Sensor readings together with current car velocity (pixels per frame) is encoded into messagepack and published to tcp://localhost:6000 ZeroMQ socket in a following format:

b"red_car" + msgpack.packb({"sensors": red_car_sensors, "velocity": red_car_velocity})

where sensoric data are encoded as a list of optional tuples. Each item in the list corresponds to sensor ray and values in individual tuples are distance to the obstacle, diamond, opponent car in pixels. For example:

[
    ("e", 250), # there is opponent (enemy) 250 pixels directly in front of us
    ("w", 150), # there is obstacle (wall) 150 pixels away 15 degrees to the left
    ("d", 120), # there is a diamond 120 pixels away 30 degrees to the keft
    None,       # sensor ray casted 45 degrees to the left did not hit any obstacle
    ...
]

Game is running on a frame rate 30 FPS and sensoric readings for both cars are published every game frame.

The red car expects that the controlling instuctions are published to port 6001 and blue car expects intructions on port 6002. The instructions should be in a following format:

keys = msgpack.packb({"u": True, "d": False, "l": True, "r": False})

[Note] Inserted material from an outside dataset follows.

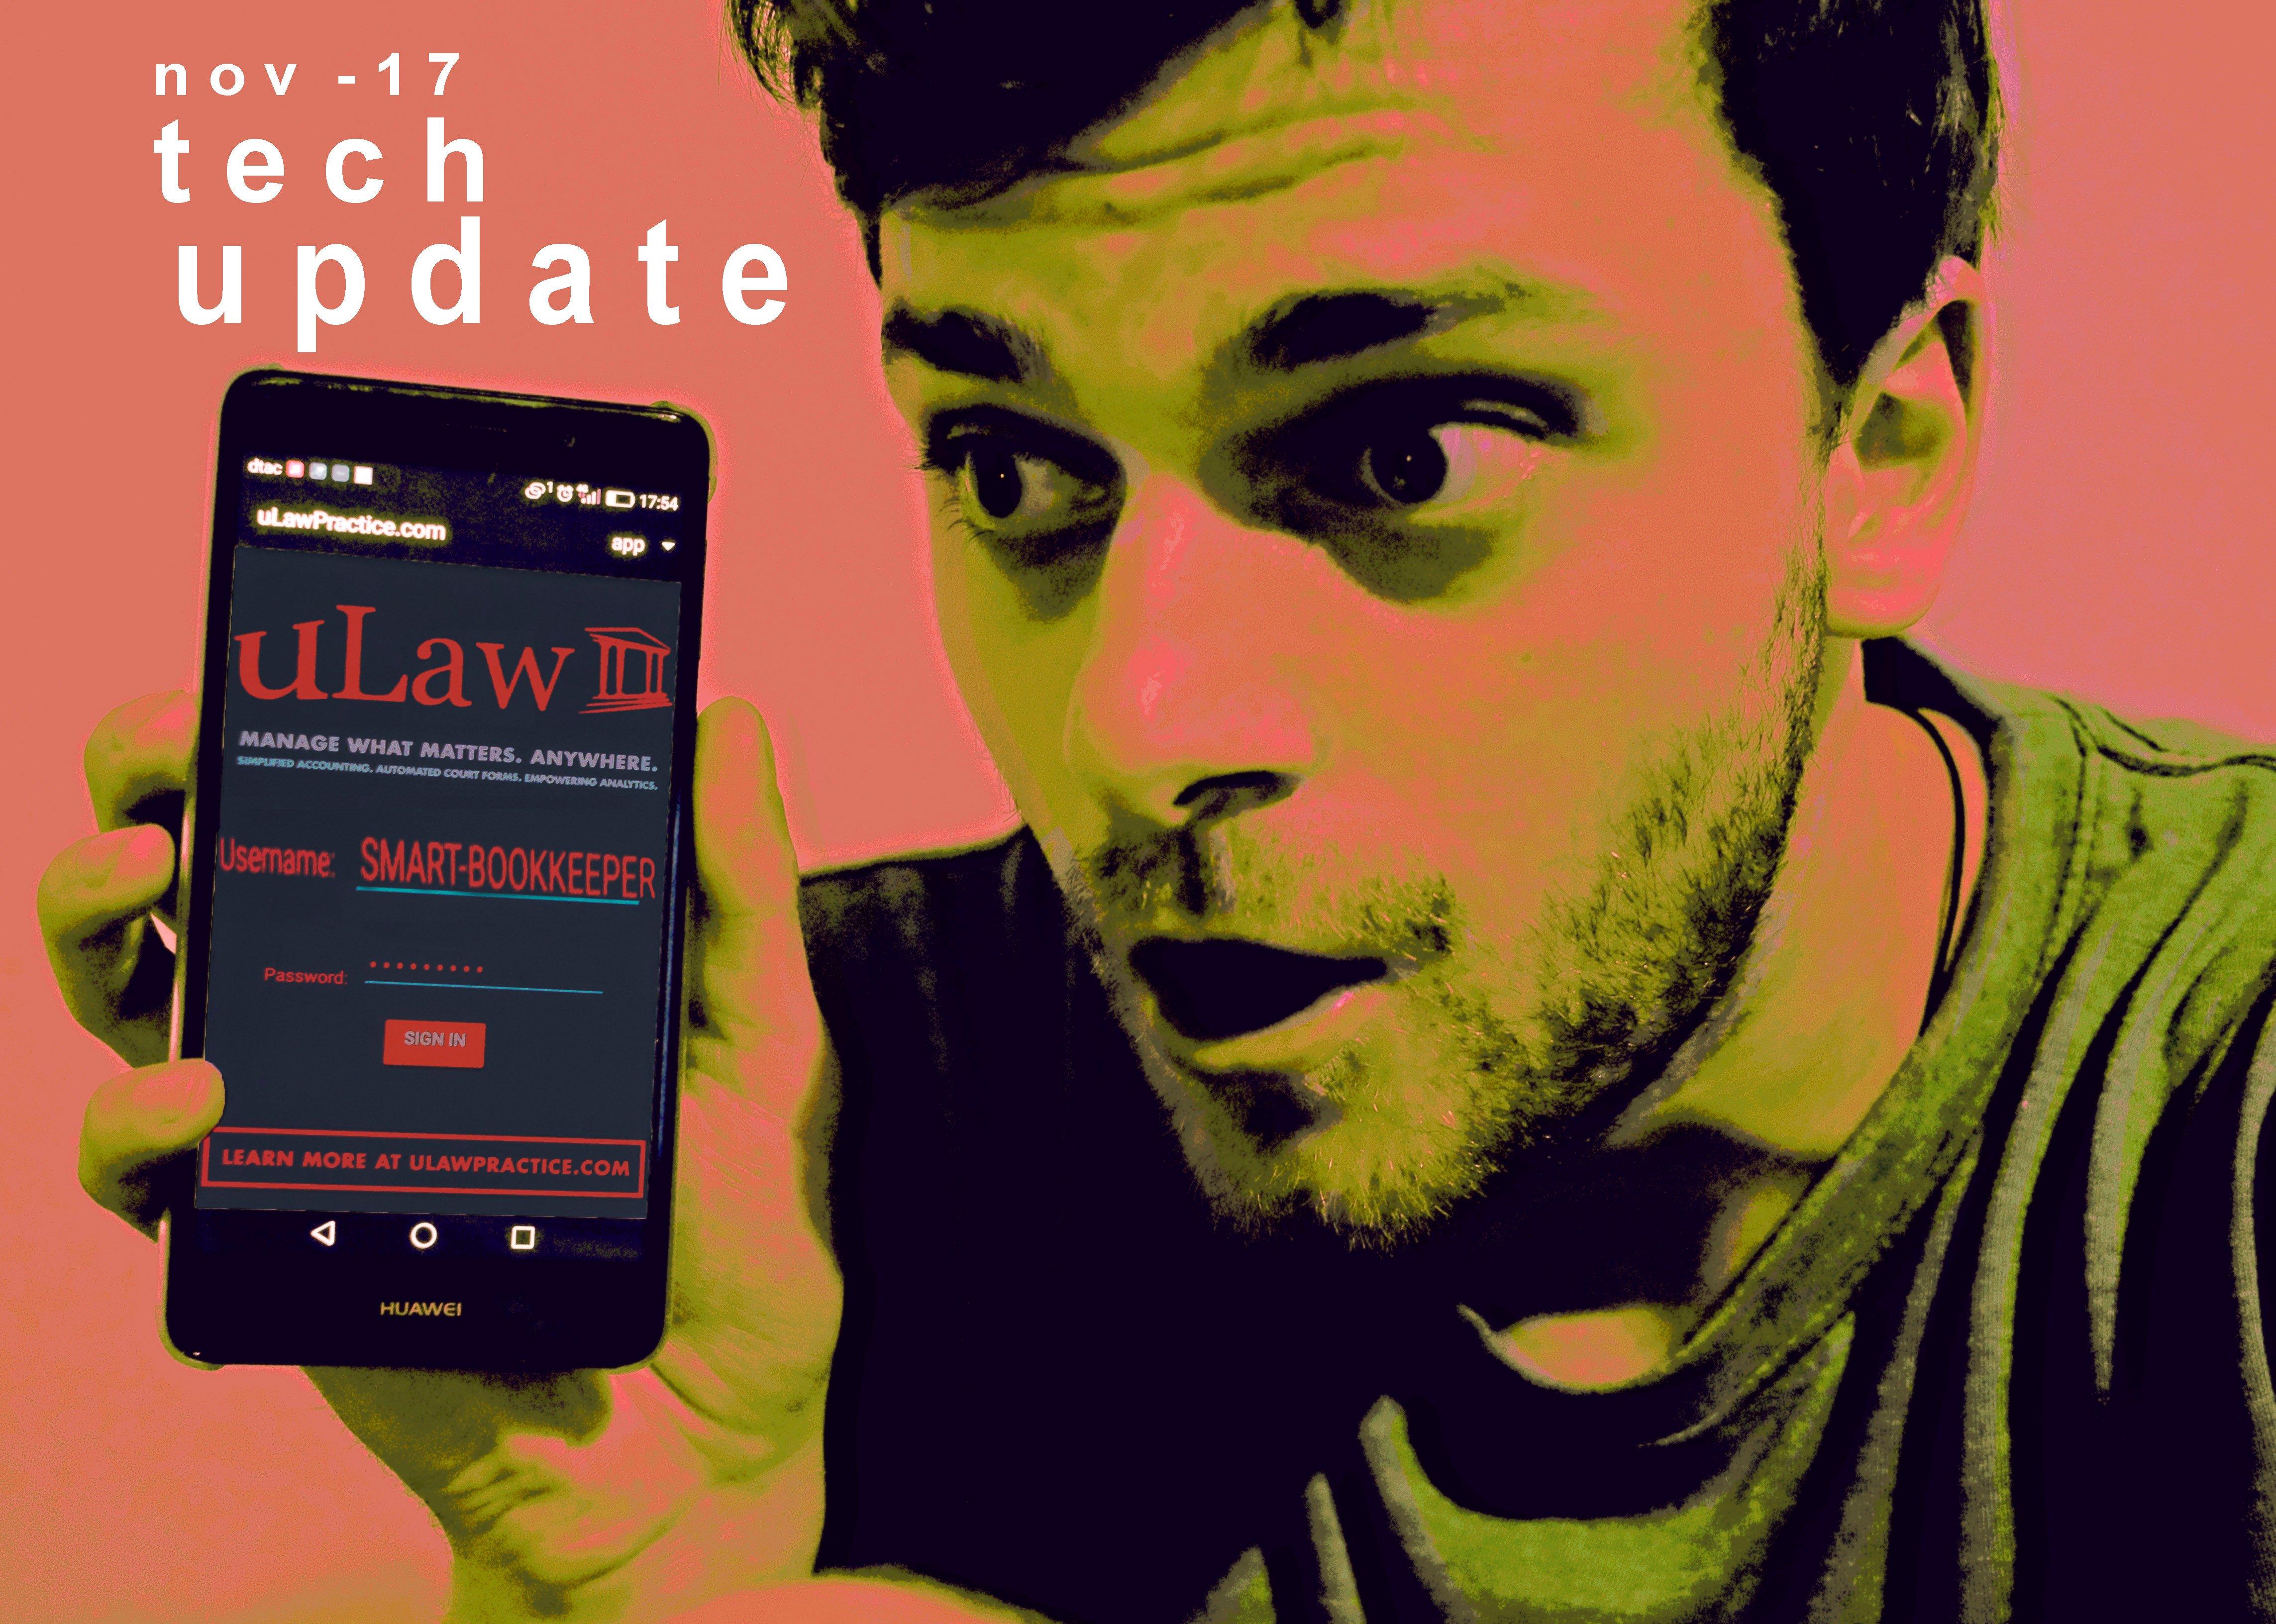 tech-update-nov-17-import-phone-call-logs

Msgpacked dictionary is expected in the incomming message where individual keys correspond to keys controlling the car ("u" means up, "l" means down, ...). Values in the dictionary imply if the key should be pressed or not. Notice that multiple keys can be pressed at the same time, e.g. you can accelerate and steer to the left at the same time. When contradicting keys are pressed (up and down or left and right) at the same time, they are cancelled.

To get the idea what the car "see", you can run GUI visualization of sensors before running the game. Then you can control the red car directly from the controller_gui process. Pressed keys are captured in that window and send via ZeroMQ to the main game process.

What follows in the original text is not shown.